__Task to complete__: Take the data below and copy exactly the lines starting at the one with "ForumPa Restart Italia - Dal 2 al 6 novembre" and finishing at the one with "Motorola releases new", both included.

__Records for processing__:
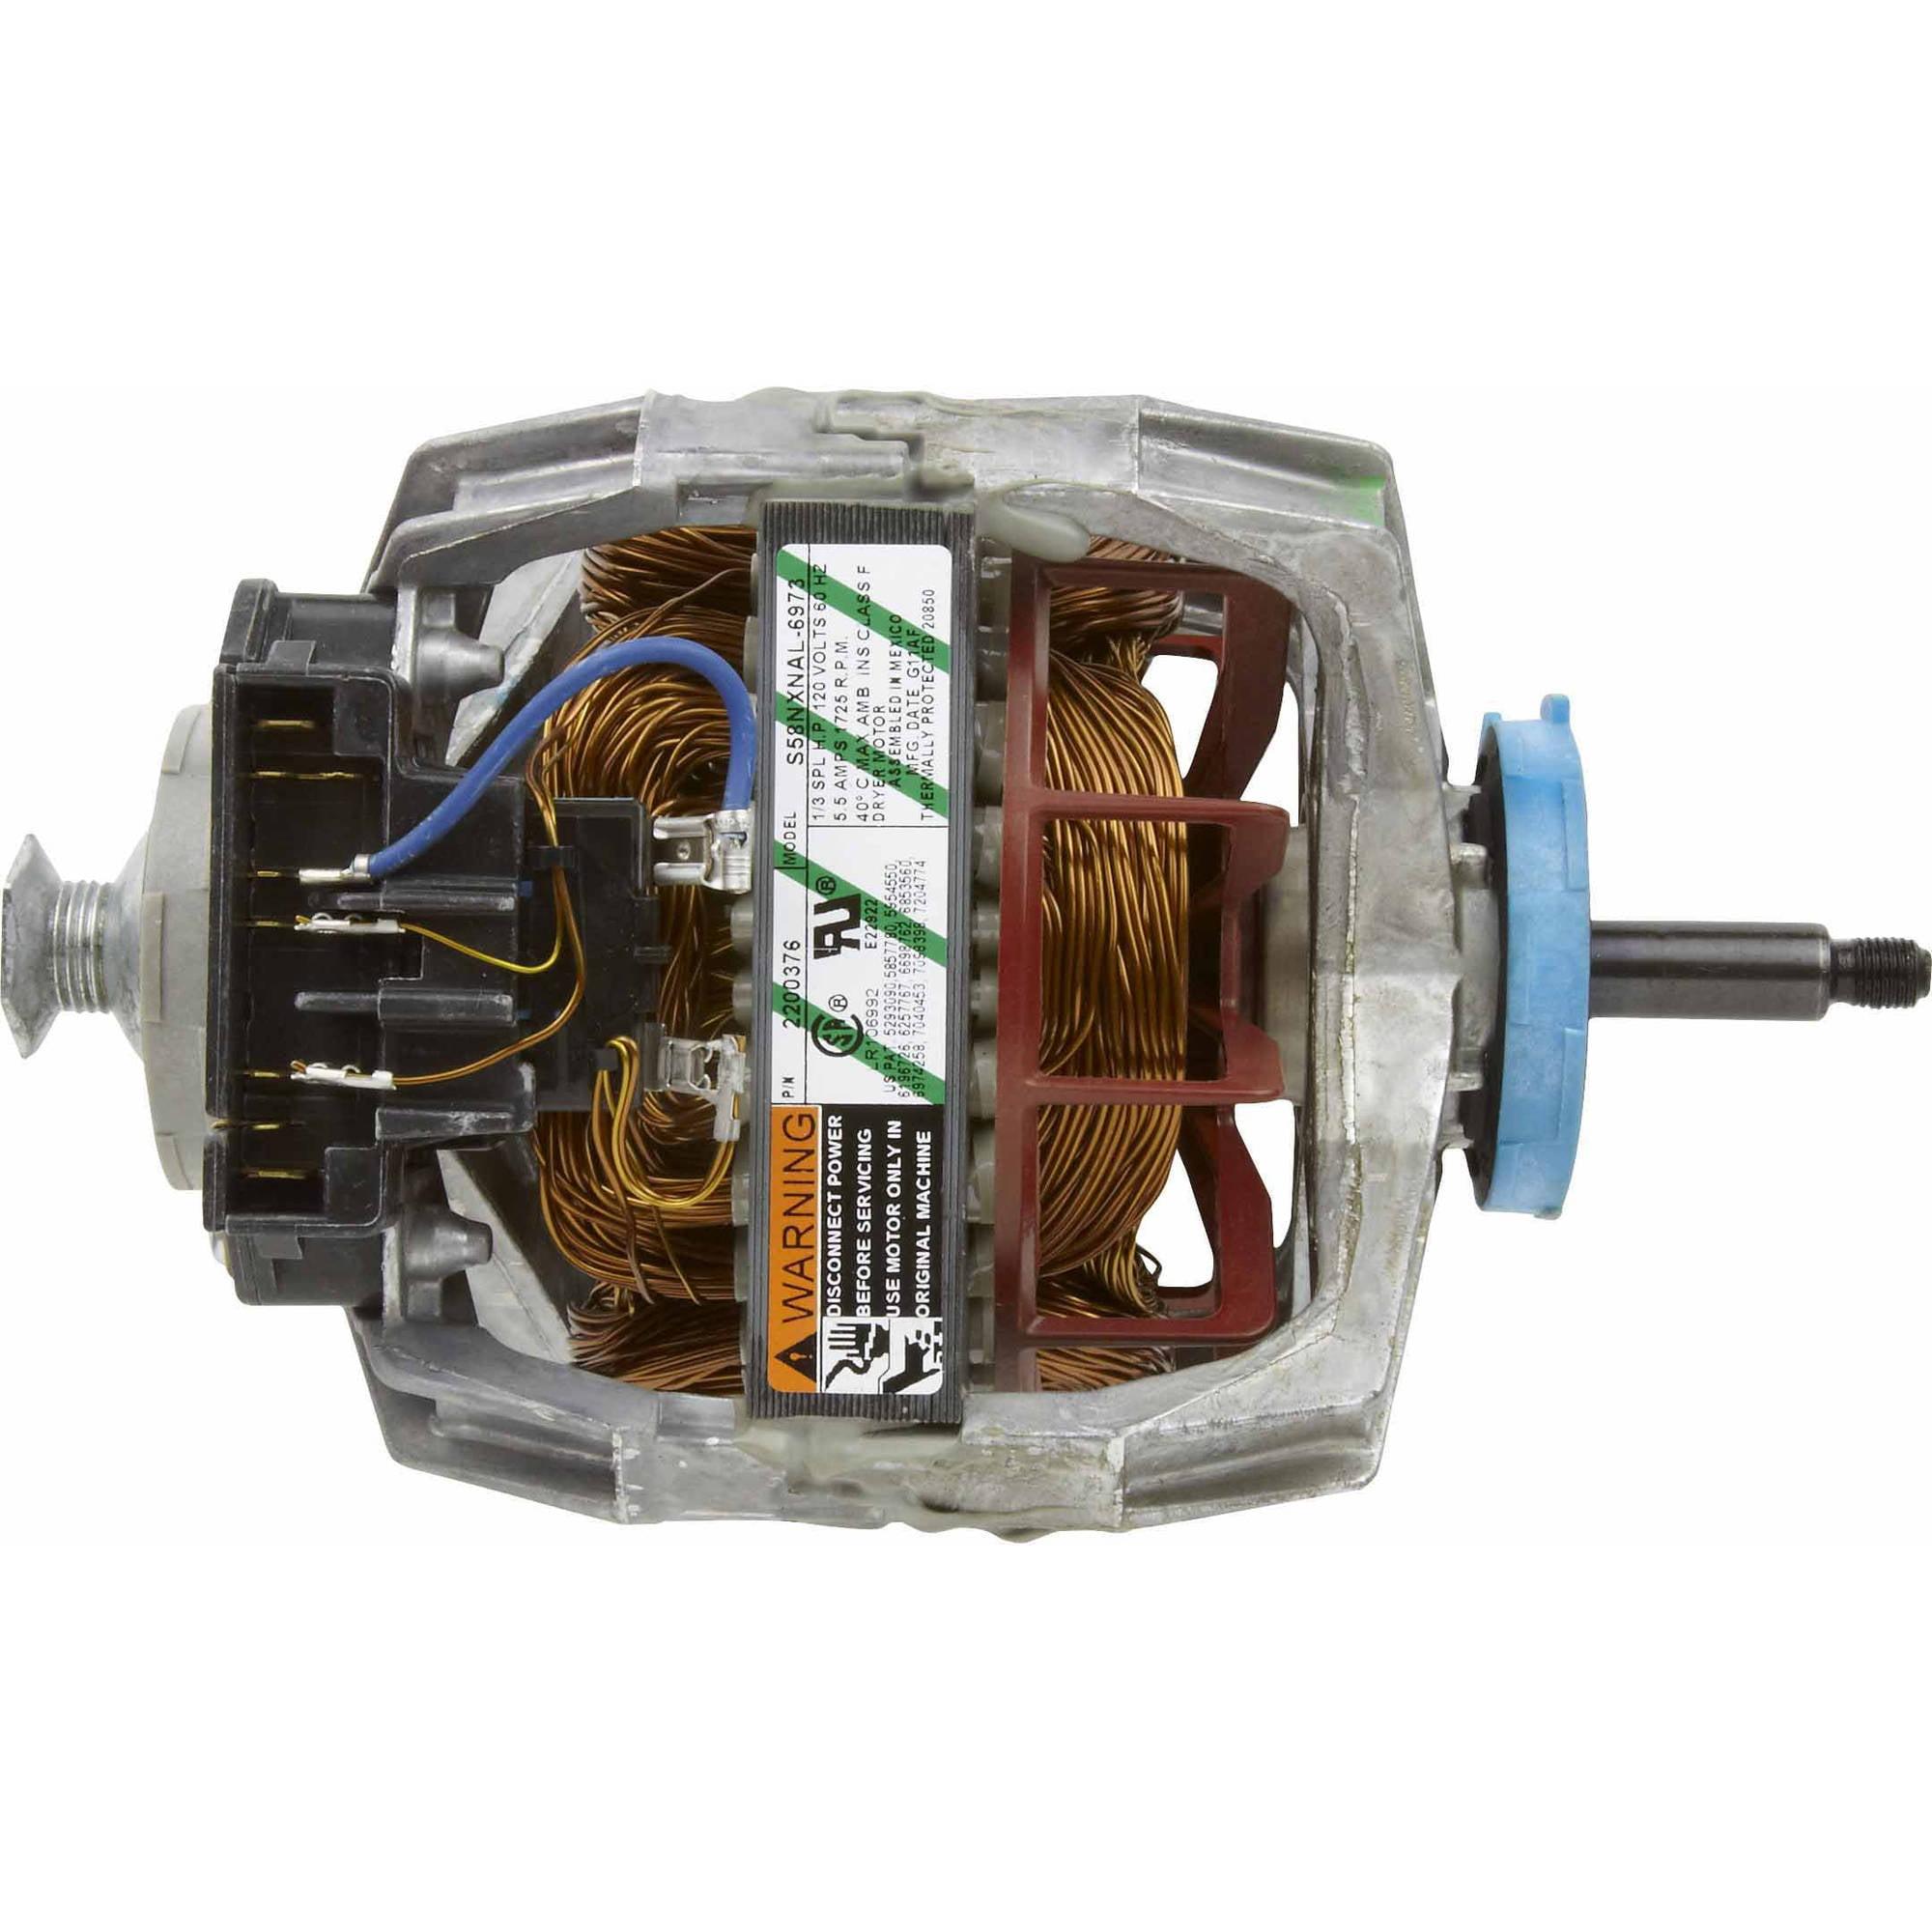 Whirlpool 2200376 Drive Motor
==
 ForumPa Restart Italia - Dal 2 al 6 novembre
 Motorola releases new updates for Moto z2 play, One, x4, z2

__Response__:
 ForumPa Restart Italia - Dal 2 al 6 novembre
 Motorola releases new updates for Moto z2 play, One, x4, z2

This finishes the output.